Data section:
- - - - -
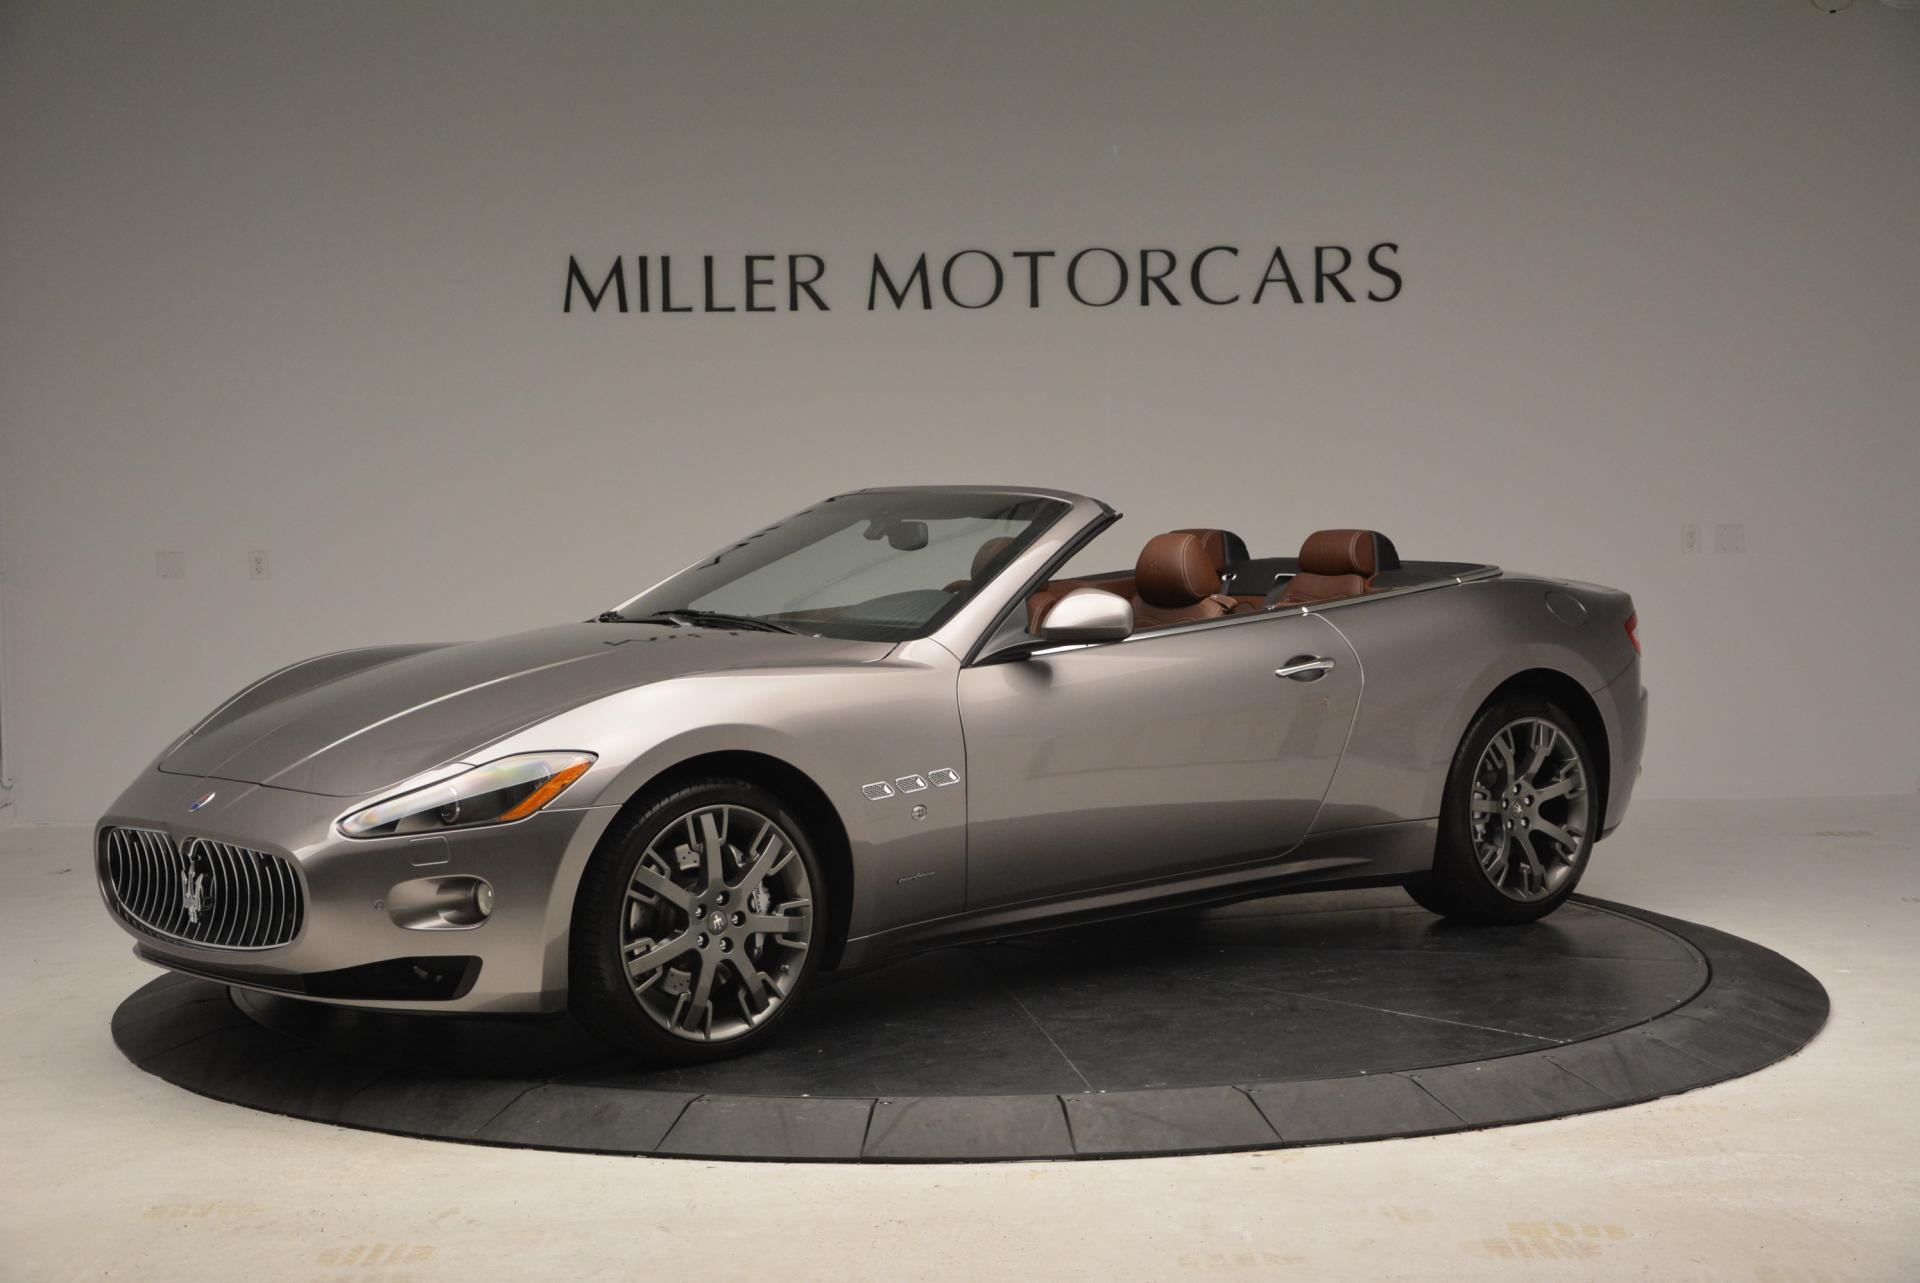 Used 2012 Maserati GranTurismo  For Sale In Westport, CT 157_p2
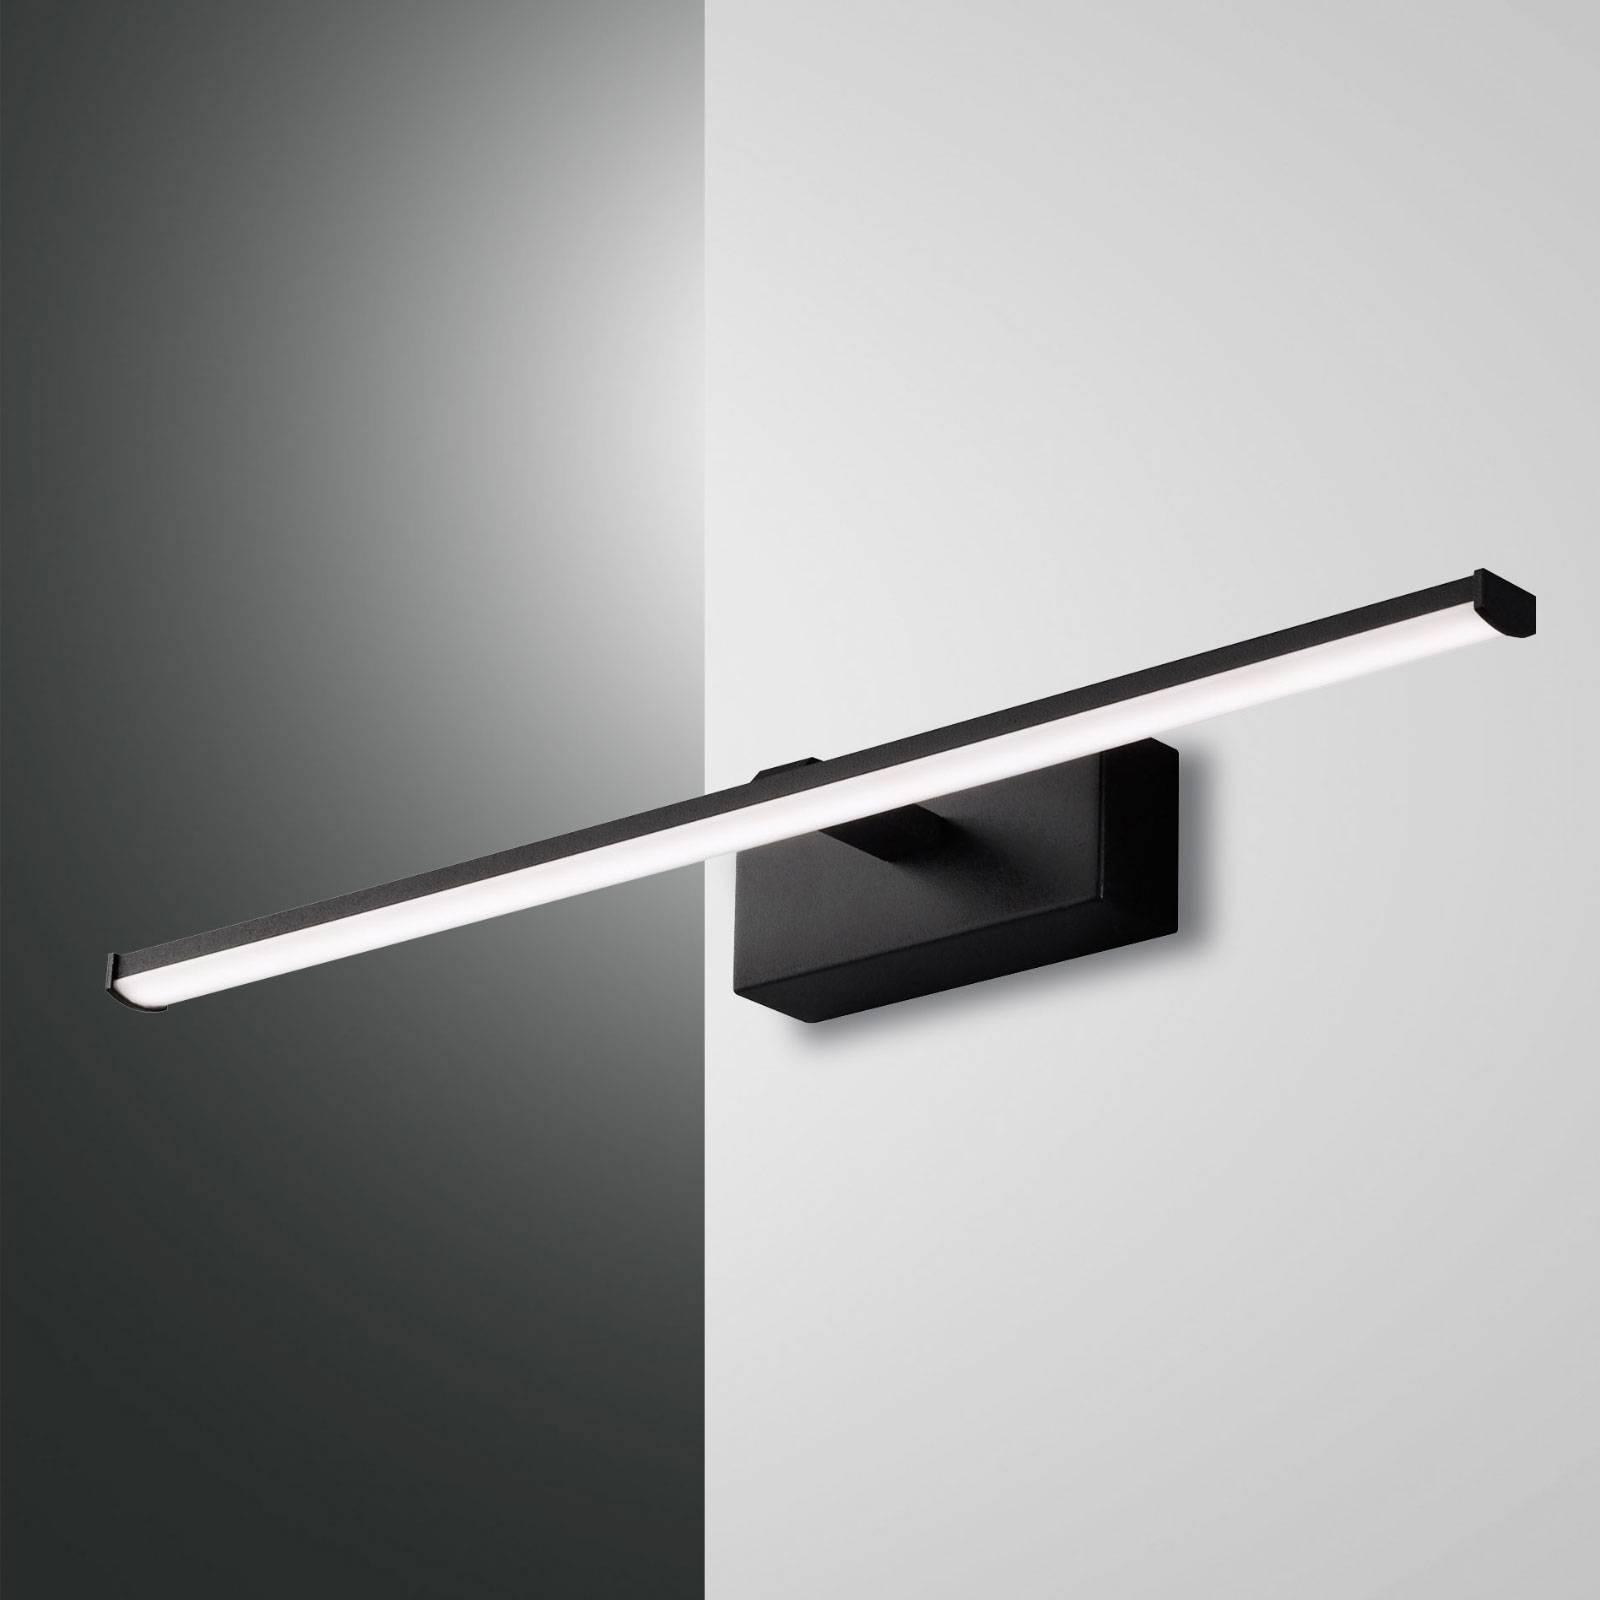 LED-seinävalaisin Nala, musta, leveys 50 cm
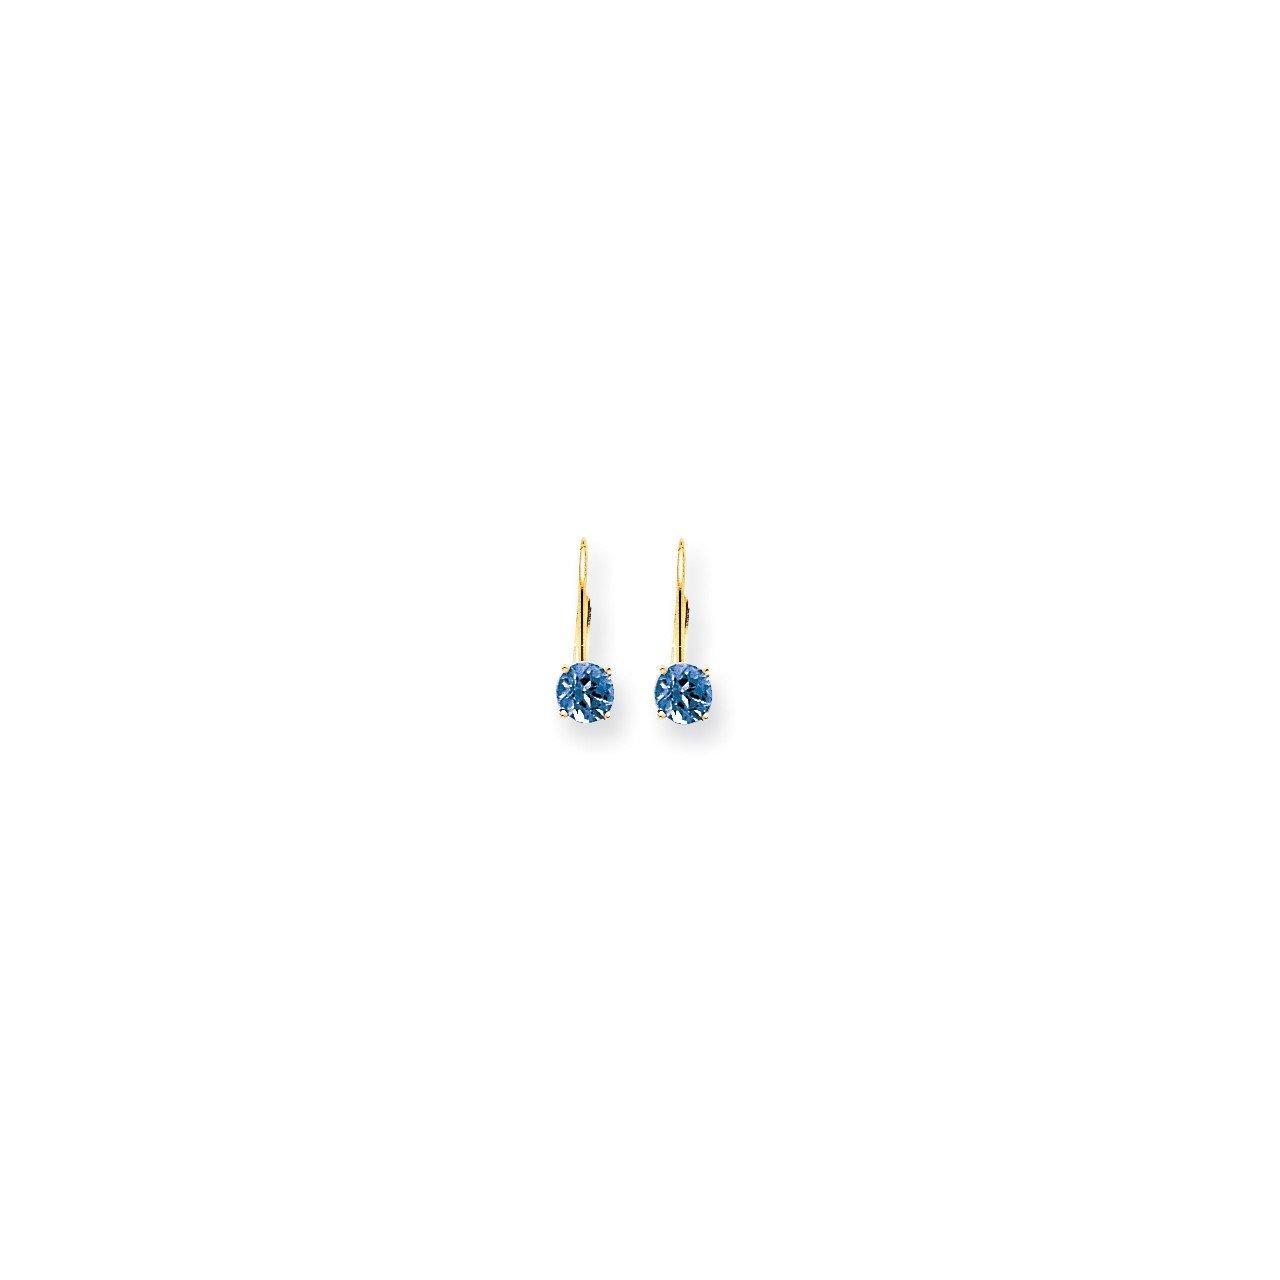 14k 5mm Tanzanite leverback earring
- - - - -
Activity:
Copy nothing but the lines from the line that contains "LED-seinävalaisin Nala, musta, leveys 50 cm" through the end of the listing, exactly, and keep pictures out of it.

Solution:
 LED-seinävalaisin Nala, musta, leveys 50 cm
 14k 5mm Tanzanite leverback earring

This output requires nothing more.